Canon have been touting their operation as "consolidation" and I can understand that if they contract out the IBIS to Olympus, it would be beneficial to minimize the R&D to implementation schedule.


----------



## KeithBreazeal (Mar 28, 2019)

Depending on how the original IBIS patent was written, Canon may find it difficult to design one from scratch without infringing on another patent. You see these infringements all the time with smart phone manufacturers. The last thing Canon would want to do is steal patent ideas and get whacked for it. If there is no easy way around it or it becomes a design nightmare, Canon could seek some patent rights. Just get it done!


----------



## addola (Mar 28, 2019)

jeffa4444 said:


> Ever wondered how Sony got it its in-body image stabilisation, yep via Olympus technology.

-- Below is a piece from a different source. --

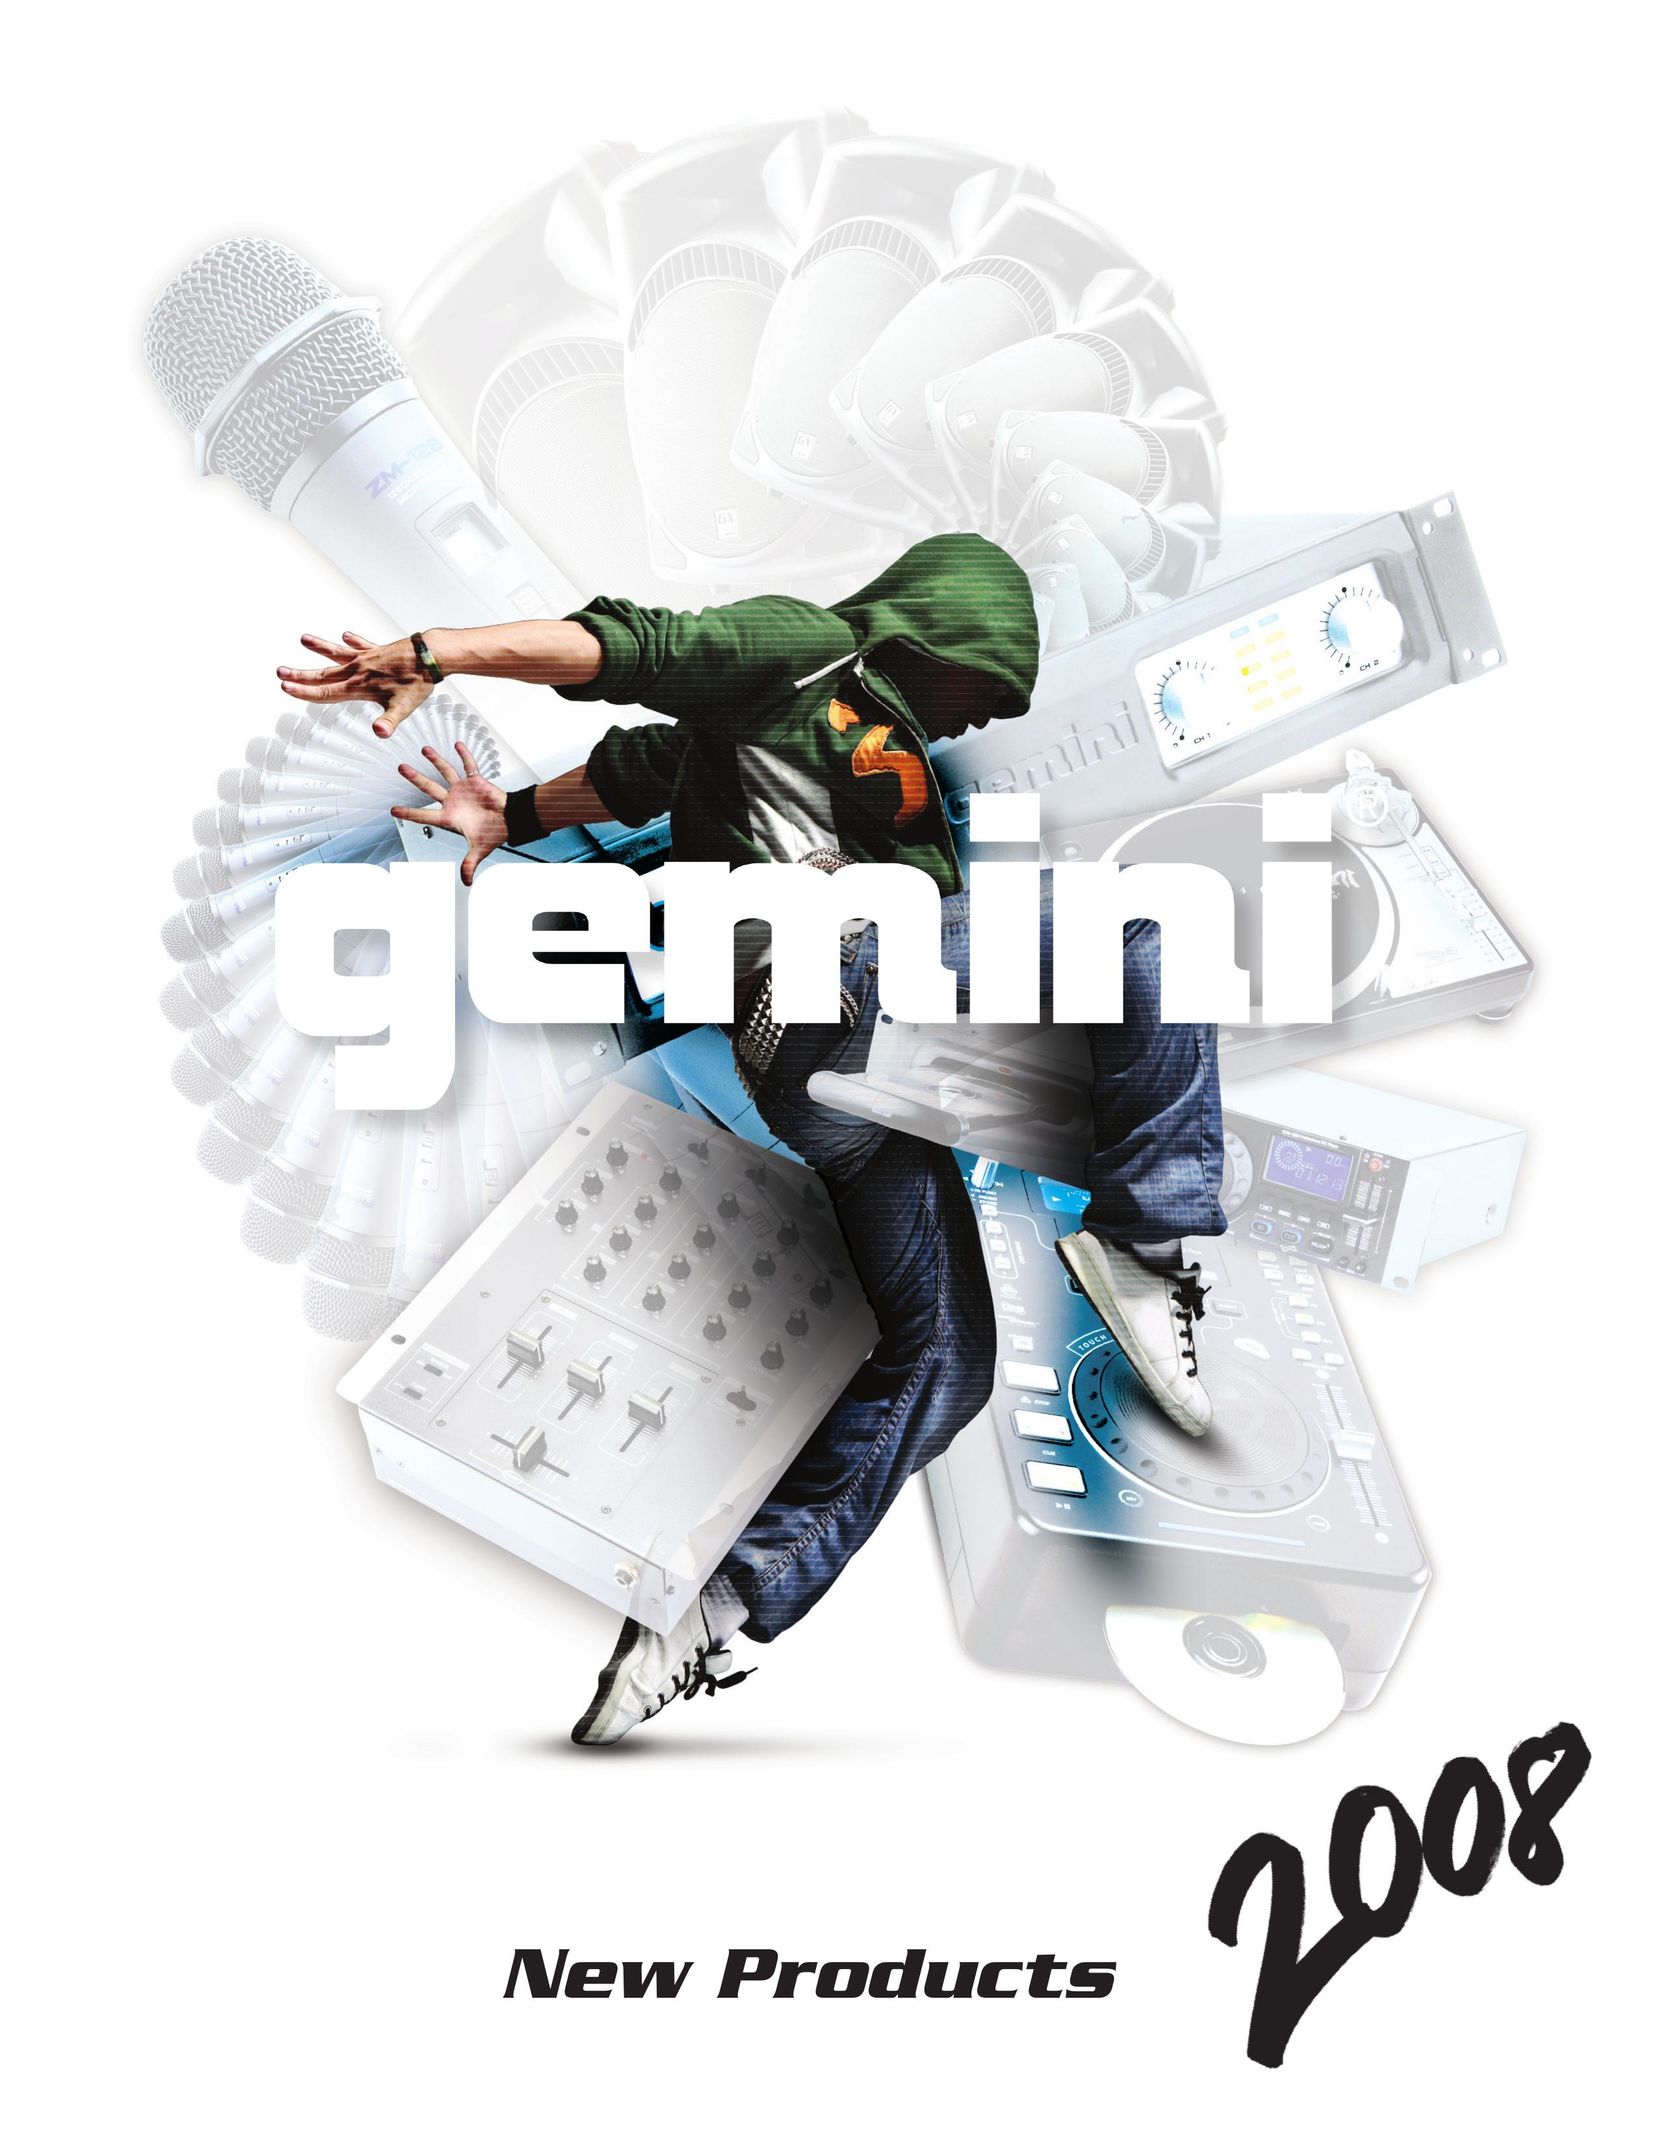 Gemini CDMP-5000 MP3 Player User Manual
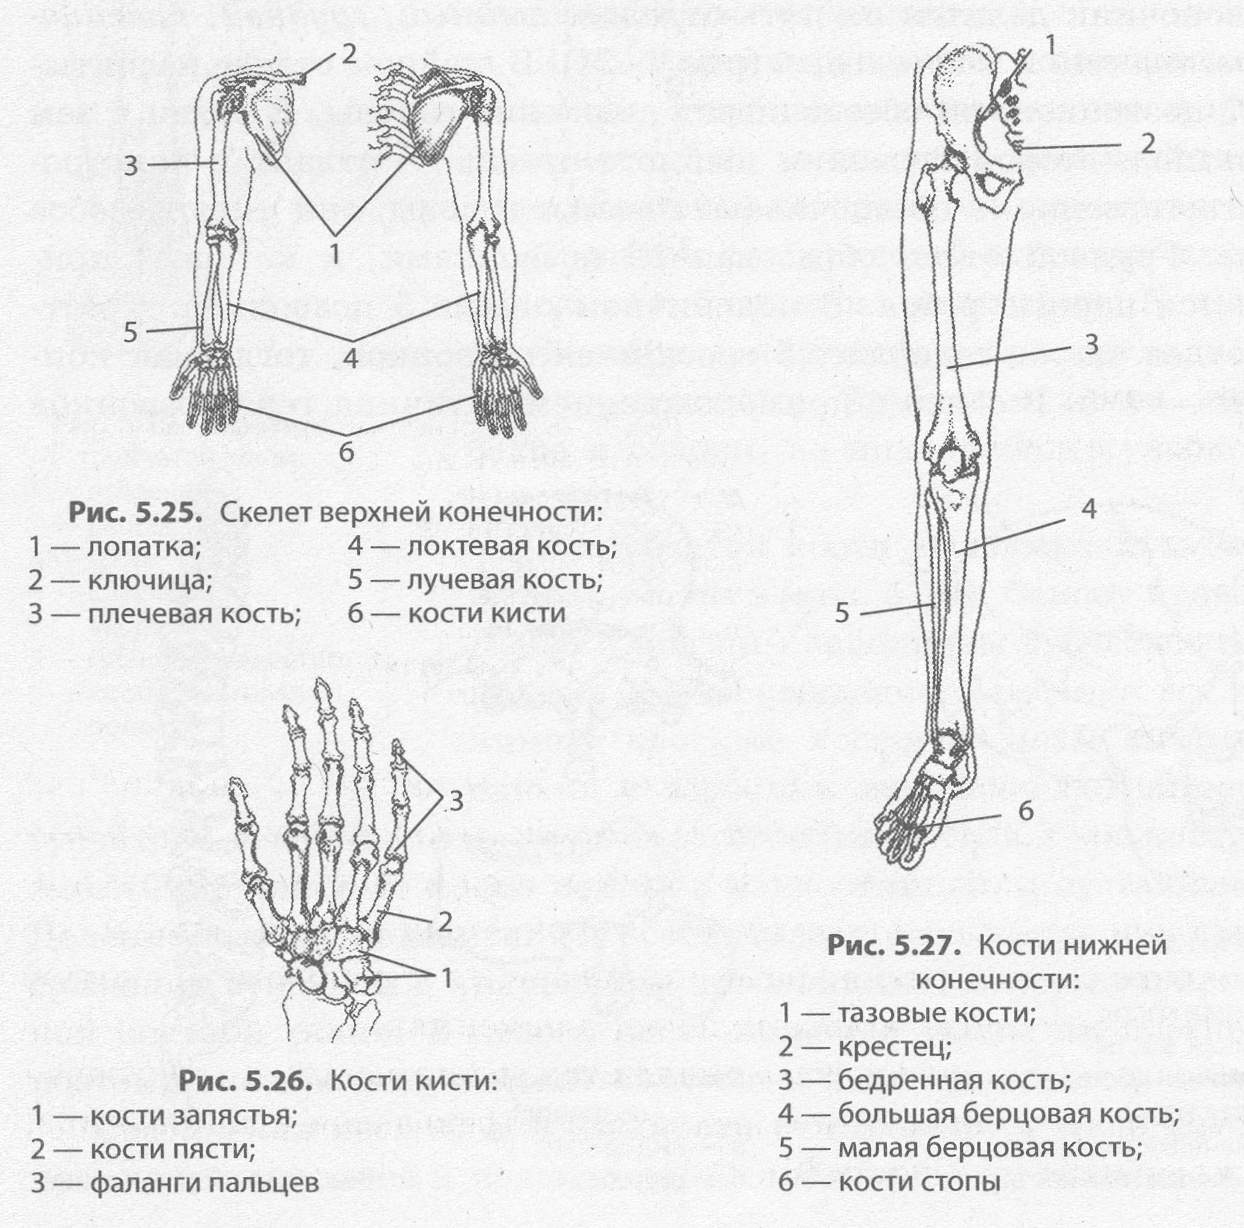 Скелет верхней конечности человека пояс конечностей. Схема строения конечностей человека. Строение скелета верхних и нижних конечностей. Скелет верхних и нижних конечностей схема. Кости верхней и нижней конечности строение.

Sony's first IBIS was based on sensor-shift stabilization from Minolta. Minolta had 2-axis sensor-shift stabilization. Maybe the 5-axis stabilization have something to do with Olympus, but reviewers seem to suggest that Olympus's IBIS is far superior to Sony's.


----------



## Mikehit (Mar 28, 2019)

addola said:


> Sony's first IBIS was based on sensor-shift stabilization from Minolta. Minolta had 2-axis sensor-shift stabilization. Maybe the 5-axis stabilization have something to do with Olympus, but reviewers seem to suggest that Olympus's IBIS is far superior to Sony's.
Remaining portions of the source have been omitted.